▸ TASK TO CARRY OUT
Please reproduce, exactly and with nothing added, the line containing "TruNorth Enviroboard Composite" and every line after it to the end of the records.

▸ DATA SECTION
▼
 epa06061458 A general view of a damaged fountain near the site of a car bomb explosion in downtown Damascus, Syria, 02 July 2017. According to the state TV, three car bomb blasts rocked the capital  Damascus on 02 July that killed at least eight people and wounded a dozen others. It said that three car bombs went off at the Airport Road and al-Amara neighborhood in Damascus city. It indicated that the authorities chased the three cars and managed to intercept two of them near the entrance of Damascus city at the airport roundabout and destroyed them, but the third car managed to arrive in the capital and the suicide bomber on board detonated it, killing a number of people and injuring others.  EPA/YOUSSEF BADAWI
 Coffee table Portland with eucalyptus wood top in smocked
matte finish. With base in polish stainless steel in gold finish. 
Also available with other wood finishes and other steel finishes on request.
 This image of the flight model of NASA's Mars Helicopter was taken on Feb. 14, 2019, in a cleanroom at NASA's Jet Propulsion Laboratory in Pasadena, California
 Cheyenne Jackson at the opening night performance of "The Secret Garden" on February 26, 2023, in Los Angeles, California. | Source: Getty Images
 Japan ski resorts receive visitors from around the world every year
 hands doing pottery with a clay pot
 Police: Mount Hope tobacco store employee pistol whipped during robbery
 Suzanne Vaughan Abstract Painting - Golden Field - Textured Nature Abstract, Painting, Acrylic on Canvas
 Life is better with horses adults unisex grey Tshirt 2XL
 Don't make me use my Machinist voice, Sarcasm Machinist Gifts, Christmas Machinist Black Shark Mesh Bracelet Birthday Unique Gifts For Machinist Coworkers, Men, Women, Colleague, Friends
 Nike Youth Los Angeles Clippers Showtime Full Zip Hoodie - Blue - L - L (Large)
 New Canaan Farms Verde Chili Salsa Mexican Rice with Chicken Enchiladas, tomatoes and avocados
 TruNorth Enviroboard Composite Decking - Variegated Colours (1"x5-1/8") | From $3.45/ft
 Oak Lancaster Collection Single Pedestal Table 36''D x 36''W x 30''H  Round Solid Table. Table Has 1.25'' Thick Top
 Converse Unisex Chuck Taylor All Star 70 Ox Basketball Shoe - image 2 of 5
▲
▸ RESULT
 TruNorth Enviroboard Composite Decking - Variegated Colours (1"x5-1/8") | From $3.45/ft
 Oak Lancaster Collection Single Pedestal Table 36''D x 36''W x 30''H  Round Solid Table. Table Has 1.25'' Thick Top
 Converse Unisex Chuck Taylor All Star 70 Ox Basketball Shoe - image 2 of 5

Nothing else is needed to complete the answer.